Identifying homologs of E. coli GroEL clients in mollicutes

A subset of class III clients identified by Kerner et al. [11] together with 4 obligate GroEL clients identified by Fujiwara et al. [12] were defined as class IV GroEL clients that comprises 57 proteins. A control set was created by selecting at random 57 E. coli proteins that are not GroEL clients and have the same length distribution as the clients (i.e. each client protein has a corresponding control protein with the same length except for 3 protein pairs that differ in their length by one amino acid). The length distributions were chosen to be the same since it is well established [20,21] that protein length is strongly correlated with folding properties. A search for homologs of the 57 obligate substrates and 57 control proteins in the 59 species of mollicutes was then carried out using BLASTP. Hits with an E-value threshold of 0.001 for which the sequences covered at least 80% of each other were considered as homologs. The lists of obligate substrates and control proteins are given in S3 and S4 Tables, respectively. In total, 130 and 340 homologs of the E. coli obligate clients were found in the GroE+ and GroE- mollicute species, respectively. For the control group of E. coli non-clients, 53 and 152 homologs were found in the GroE+ and GroE- mollicute species, respectively.
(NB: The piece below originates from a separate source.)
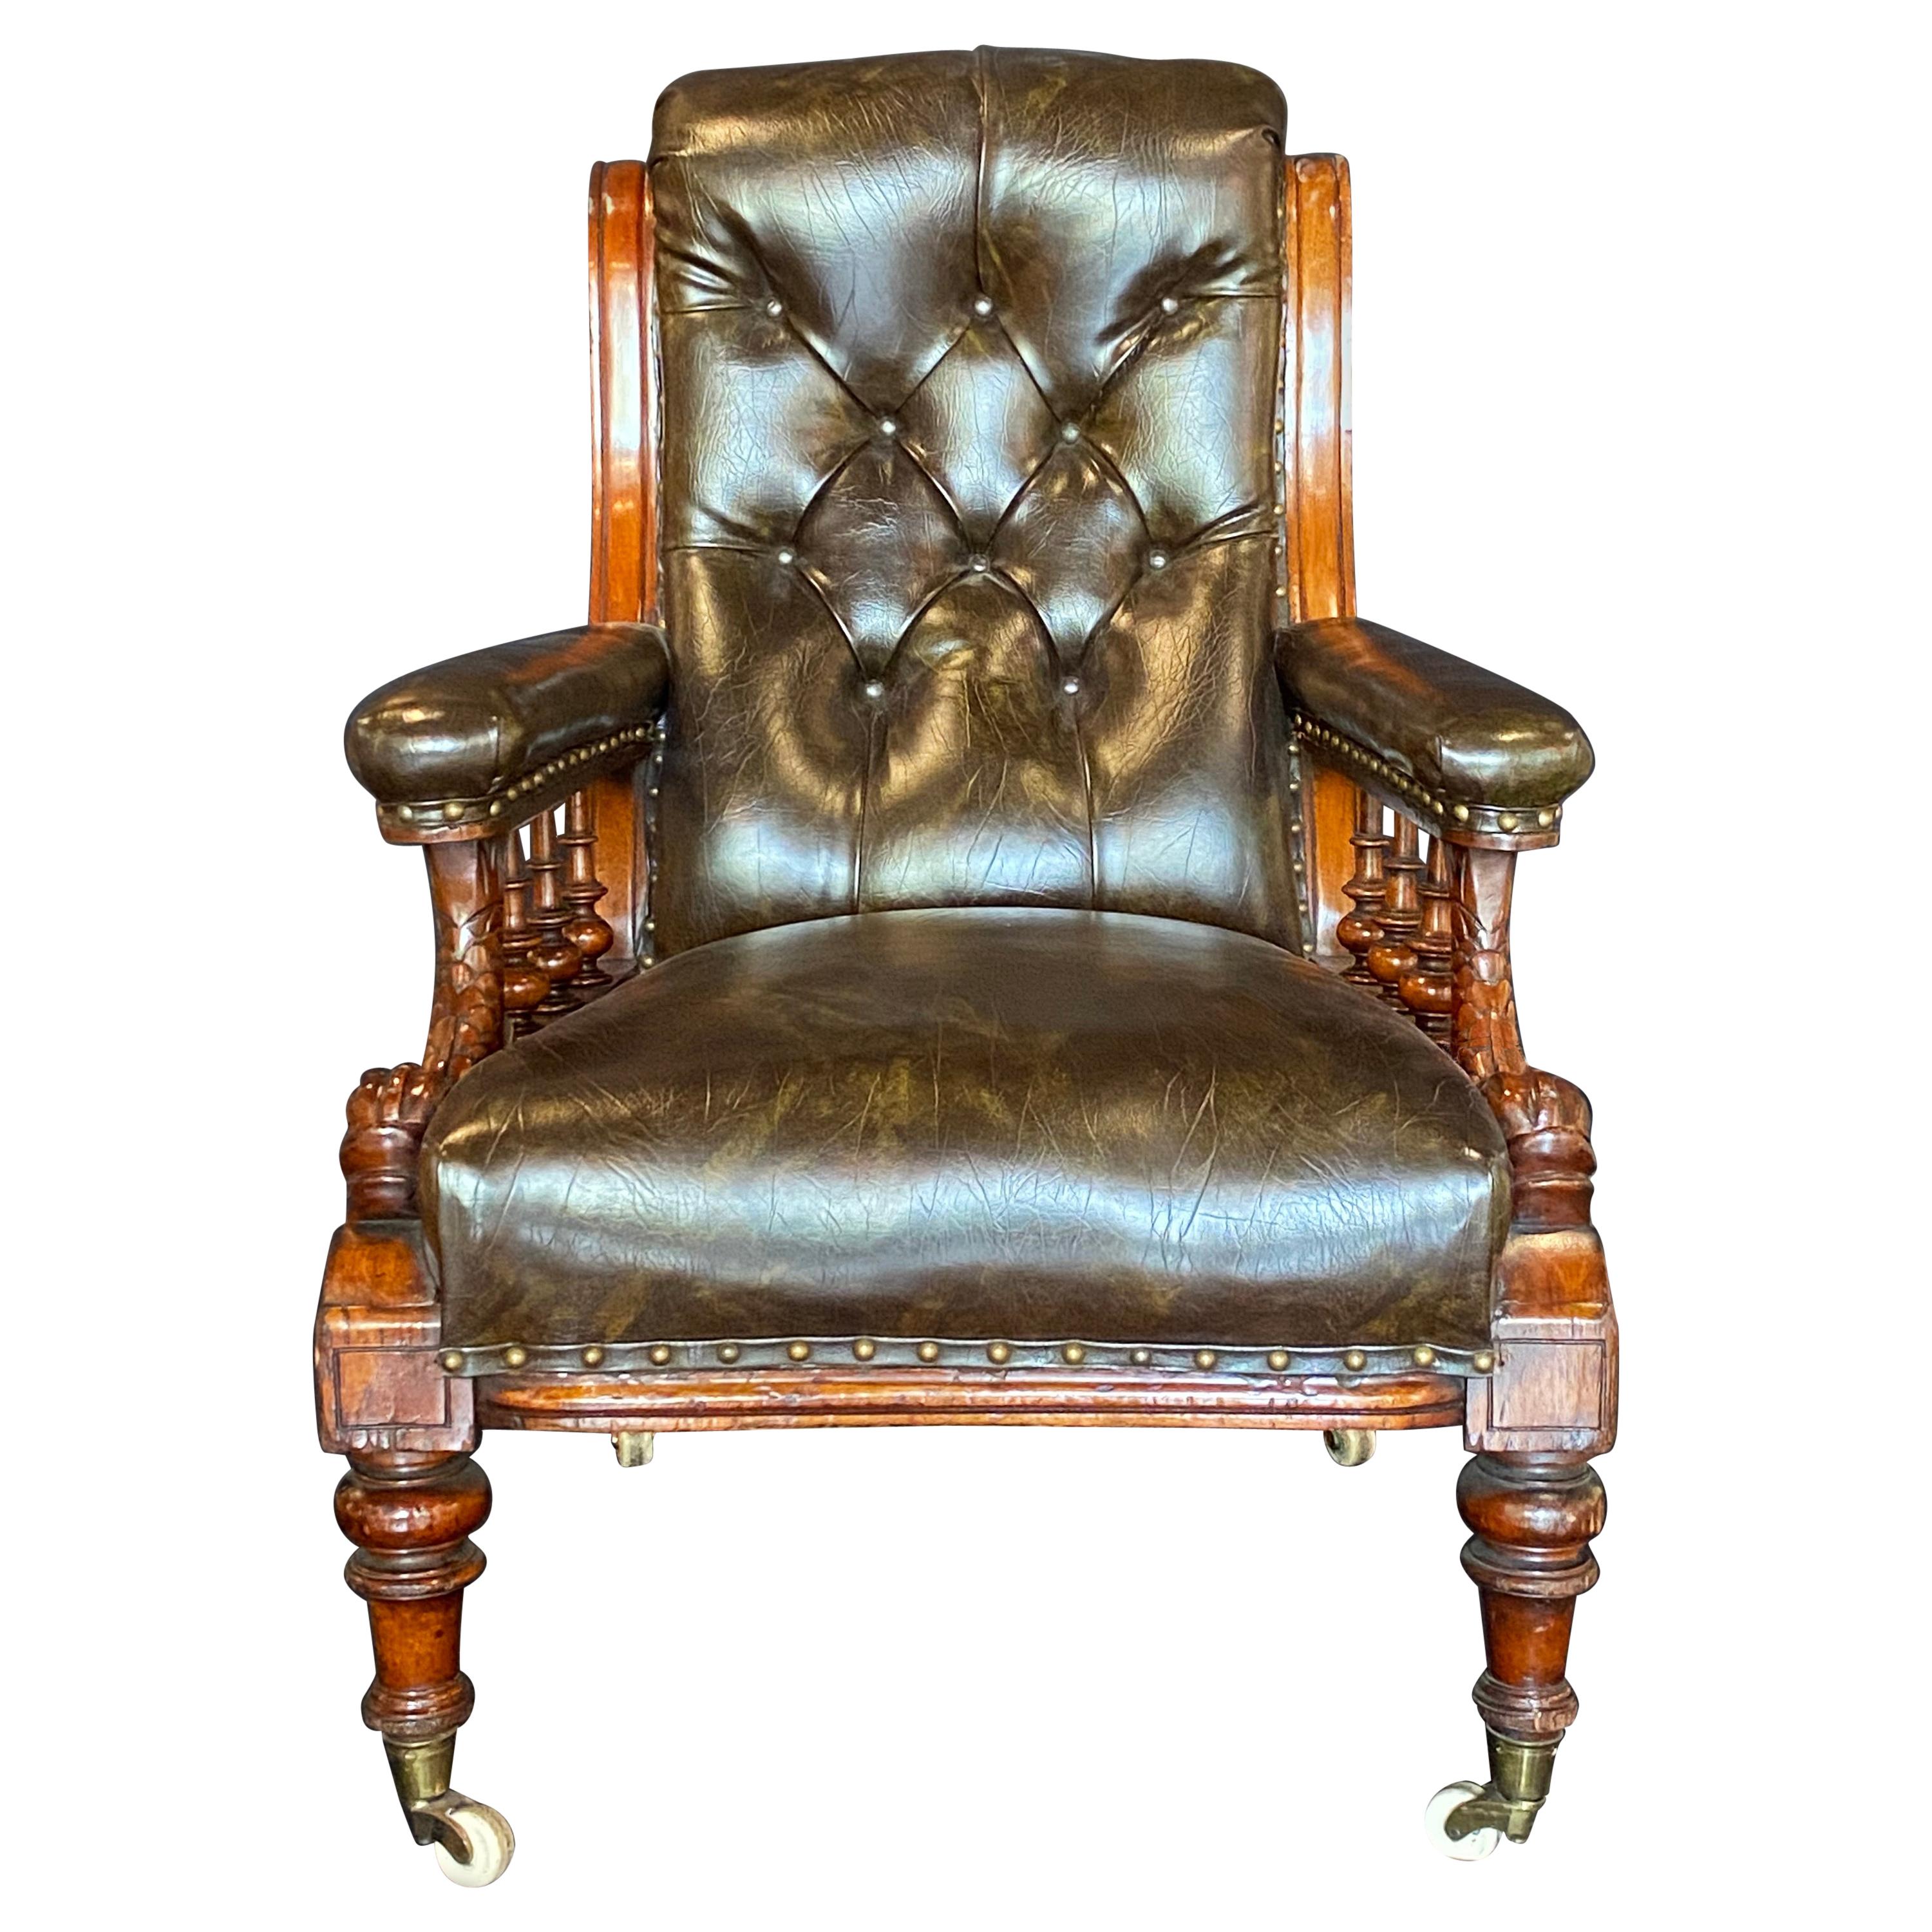 Mid 19th Century Brown Leather Library Chair with Carved Dolphin Arms, Mahogany

The probability of finding a homolog of a client was higher than that of finding a homolog of a non-client control protein in both GroE+ and GroE- mollicutes. For 28 E. coli obligate clients, at least one homolog was assigned in a GroE+ mollicute species and for 31 at least one in a GroE- species. For 16 E. coli non-clients in the control group, at least one homolog was assigned in a GroE+ mollicute and for 19 at least one in a GroE- species. For the number of homologs of each query protein, see the last two columns of S3 and S4 Tables.

Comparing properties of client homologs in GroE+ and GroE- mollicutes

The lengths of the homologs in GroE+ and GroE- mollicutes of the obligate clients were compared (Table 1A) and the average length of the latter group was found to be slightly smaller. The difference is, however, not statistically significant. We also note that, in general, mollicute proteins tend to be shorter than their E. coli counterparts but also this difference is not statistically significant.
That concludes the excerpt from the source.